Foreign reserves slip in February 2018

Preliminary data showed that the country's gross international reserves level stood at $80.6 billion last month, lower than the $81.2 billion level recorded in January. File

MANILA, Philippines — The Philippines' dollar reserves dropped in February 2018 after these were used to pay the national government's debts and temper exchange rate fluctuations, the Bangko Sentral ng Pilipinas reported Wednesday.

Preliminary data showed that the country's gross international reserves level stood at $80.6 billion last month, lower than the $81.2 billion level recorded in January.

The BSP attributed the thinner foreign currency reserves to outflows arising from the central bank's foreign exchange operations, as well as debt payments made by the national government for its maturing foreign obligations.
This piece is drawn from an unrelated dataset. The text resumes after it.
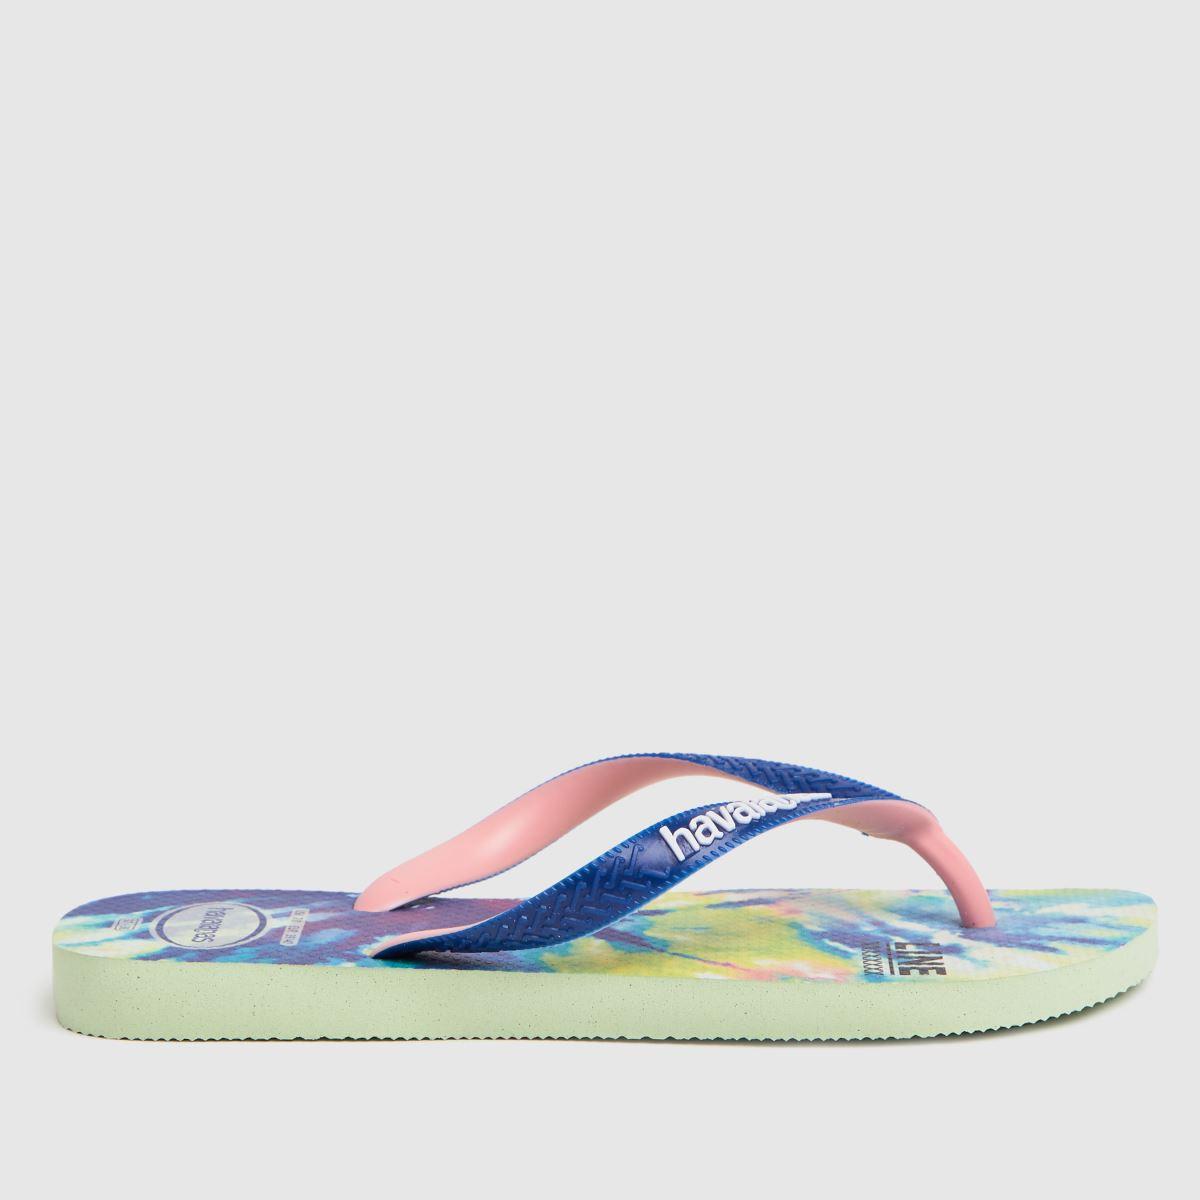 Havaianas Multi Top Fashion Sandals

International reserves are composed of gold and central bank assets expressed in foreign currencies, among others.

The BSP last year said it was engaging in "tactical intervention" in the foreign exchange market, whereby reserve fund is sometimes tapped to buy or sell more units to prevent excessive volatility.

The central bank said the decline in dollar reserves last month was partially offset by dollar deposits held by the government, including proceeds from the Philippines' global bonds issuance and income from the BSP’s foreign exchange operations.

The end-February GIR level is enough to cover 8.2 months' worth of import payments, the monetary authority added.

The BSP said the latest GIR is "more than ample liquidity buffer" for the economy against external shocks.